Tentativa

Correia da Fonseca

Tendo decerto ouvido dizer que no aproveitar é que está o ganho, a direita tentou aproveitar o clima social suscitado pela pandemia do vírus 19 para pôr em questão a realização da Festa do Avante!. Para tanto, brandiu uma aparente semelhança: se, por razões de prudência à escala social, e de natureza económica, aliás a pedido dos seus promotores, estão interditos os festivais musicais que, como se sabe, reúnem ao ar livre muitos milhares de assistentes concentrados em espaços limitados, aí estaria a razão para que a Festa do Avante! não pudesse ser realizada. A manobra surgiu na televisão tal como decerto noutros «media», e também na televisão surgiu o esclarecimento do PCP: a Festa do Avante! não é apenas, aliás nem principalmente, um festival de música, mas sim um evento multidisciplinar em que a música surge como um dos elementos integrantes entre muitos outros. Quem alguma vez tenha visitado a Festa verificou que nela a música é apenas uma componente e que, dentro dos elementos de carácter cultural que a integram, há muito por onde escolher entre exposições, palestras, colóquios e iniciativas afins. E aproveitemos para salientar, de passagem, que também na área musical há na Festa uma grande diversidade, muito por onde escolher, desde o «rock» até à música de concerto que não fica nada mal ao lado do pavilhão onde se vendem milhares de livros ou de um outro onde notáveis pintores contemporâneos expõem quadros seus.

Dos quatro cantos do mundo

Aproveitemos para referir, de passagem, que a diversidade cultural presente na Festa é reforçada pela presença de delegações estrangeiras vindas dos vários cantos do mundo, o que permite uma diversidade cultural que é mais um factor que distingue a Festa do Avante!
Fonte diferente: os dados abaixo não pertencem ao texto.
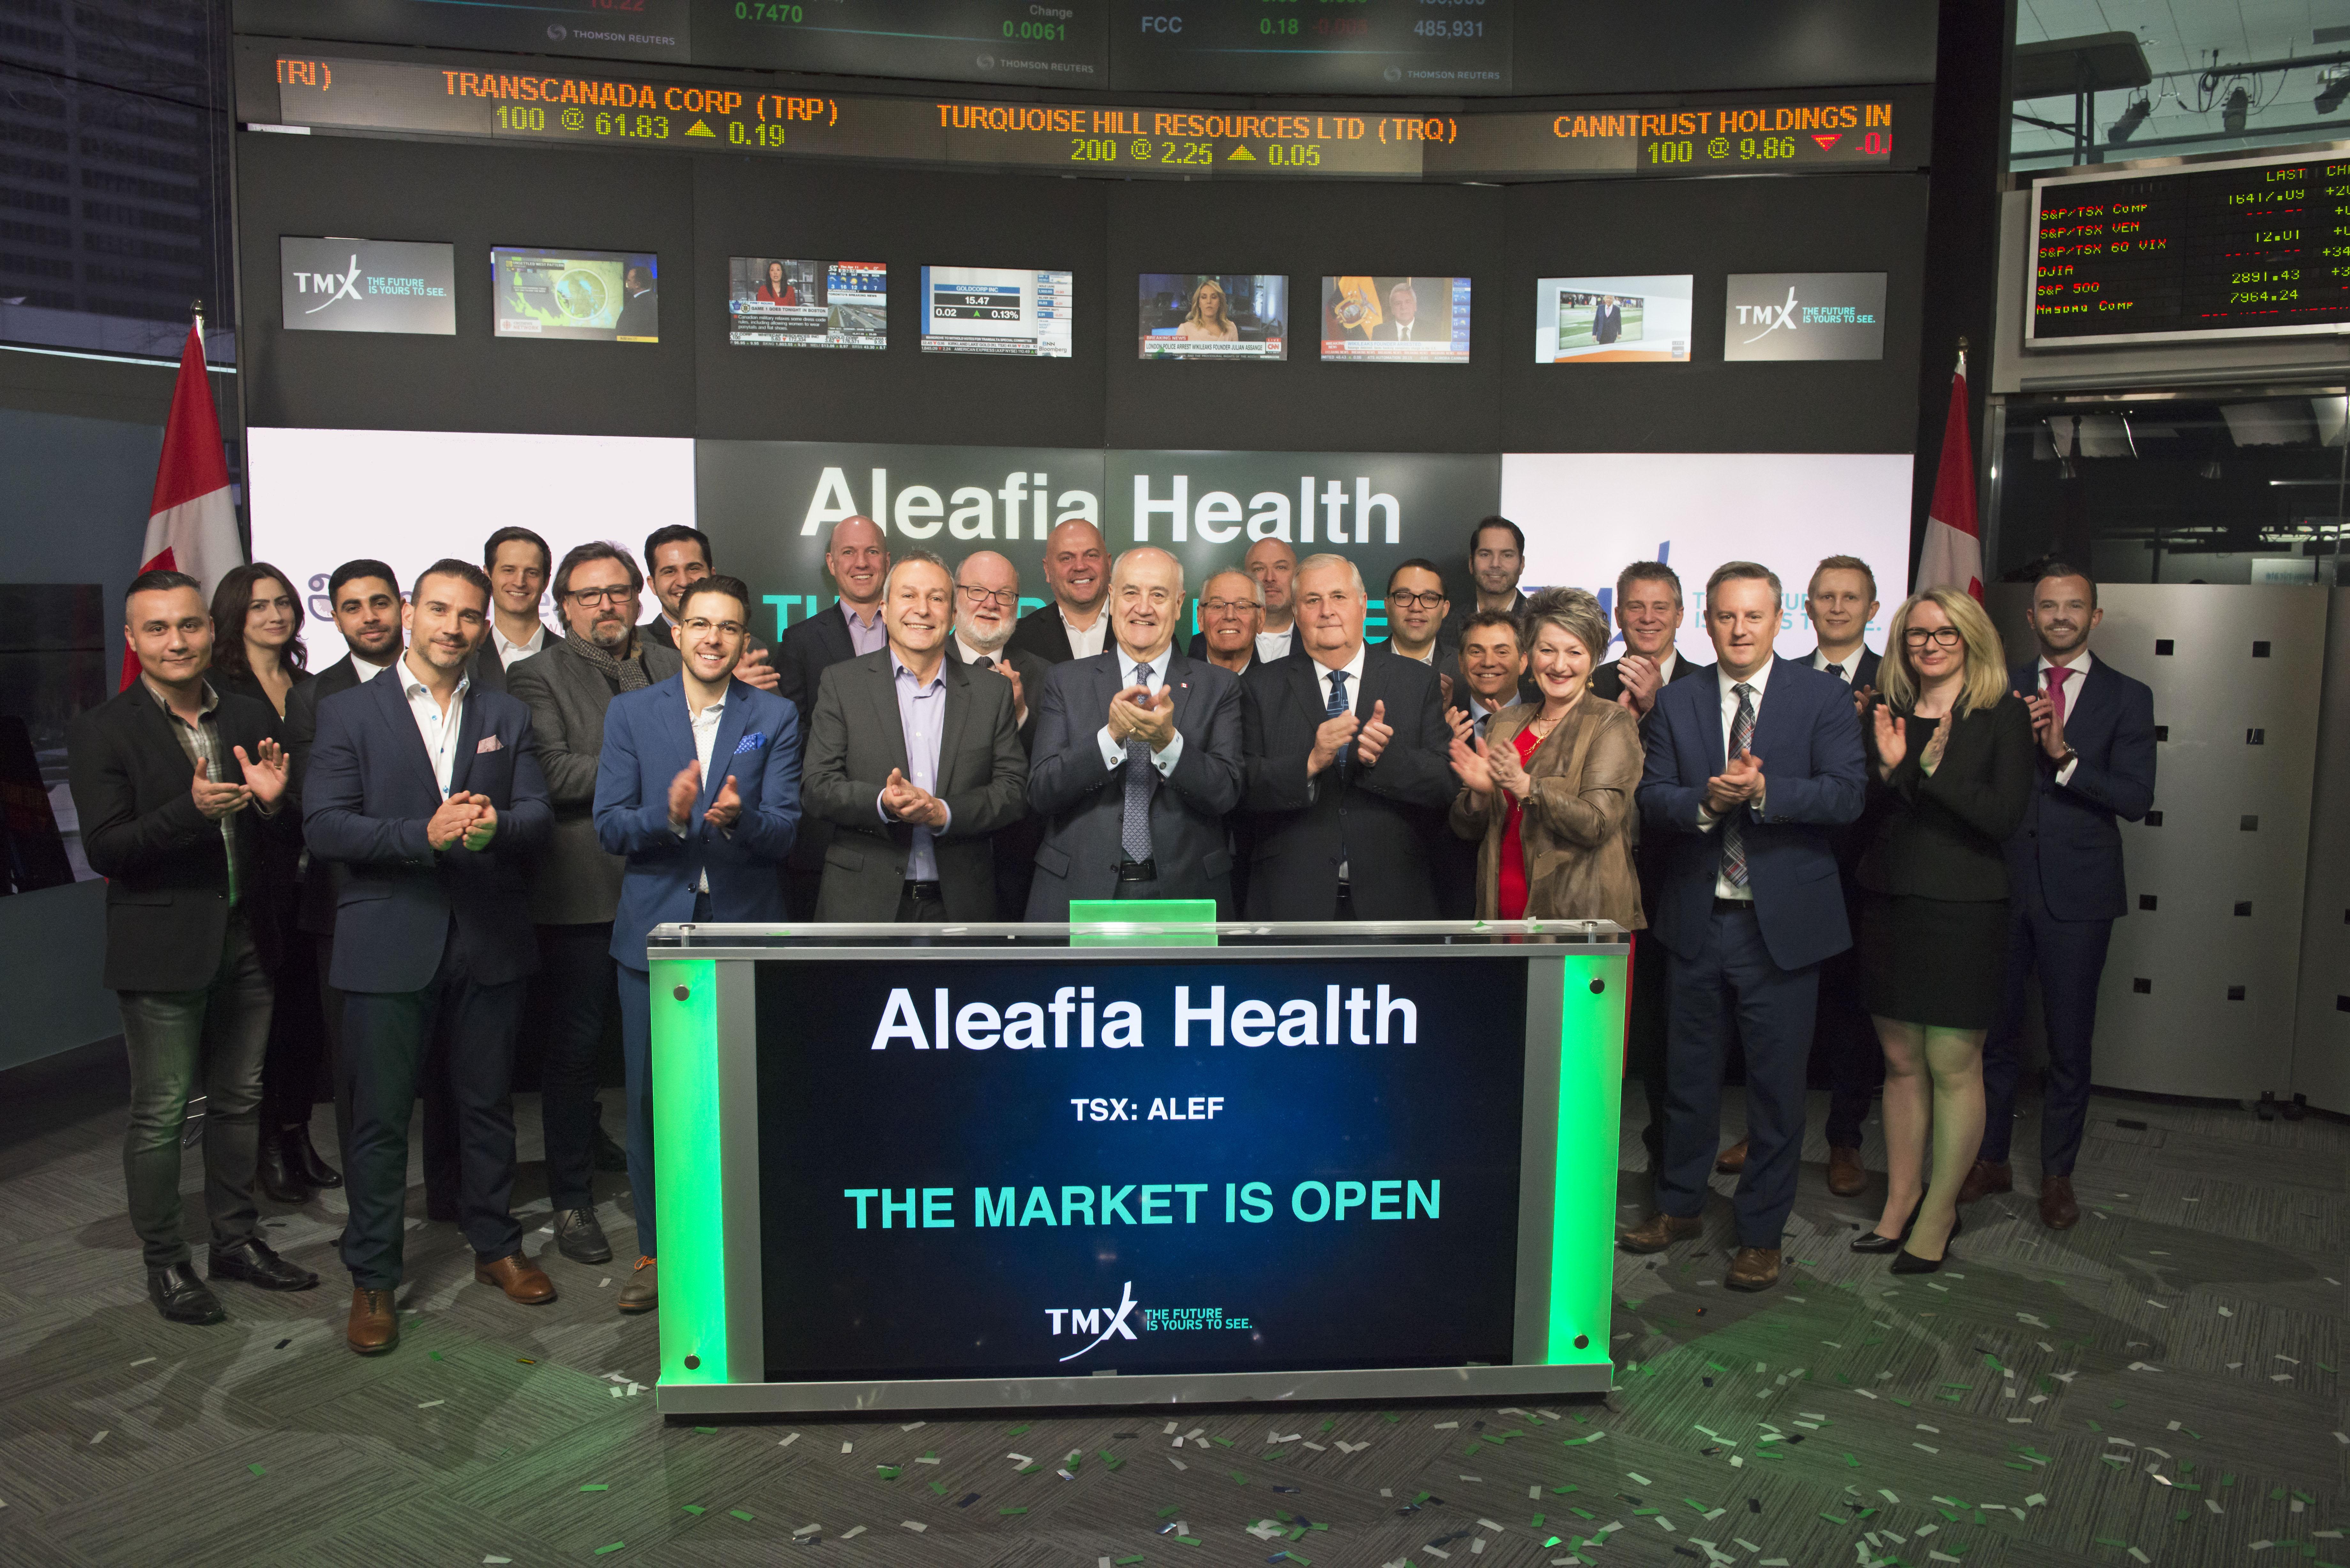 Aleafia Health Opens the Market

Não ficarão por aqui as razões por que esta Festa não pode ser confundida com qualquer outra que pouco ou nada exceda a audição de algum tipo de música e por aí se fique, mas talvez que os argumentos ainda que superficialmente já invocados bastem. Em resumo, acentue-se que o carácter e as dimensões da Festa do Avante! são tão específicos e peculiares que até fica mal a quem a pratique essa tentativa de meter no mesmo saco, digamos assim com perdão do plebeísmo, esta Festa e festinhas de índole e dimensão completamente diversas. Bem se sabe, é certo, porque faz parte da chamada sabedoria popular, que em tempo de guerra não se limpam armas, mas a mesma sabedoria não impede a distinção entre armas limpas e armas porcas. Esta tosca tentativa para tentar a proibição da Festa do Avante! a pretexto de que festas são festas e o adequado é interditar todas elas, fechando os olhos a diferenças e índoles diversas, é manifestamente uma tentativa de crime contra a liberdade de manifestação, de criação artística e de actividade política. O que, já se vê, não repugna a sectores da direita como que embriagados pelo ódio ao PCP, à Festa, ao Povo. Mas que têm de ter paciência.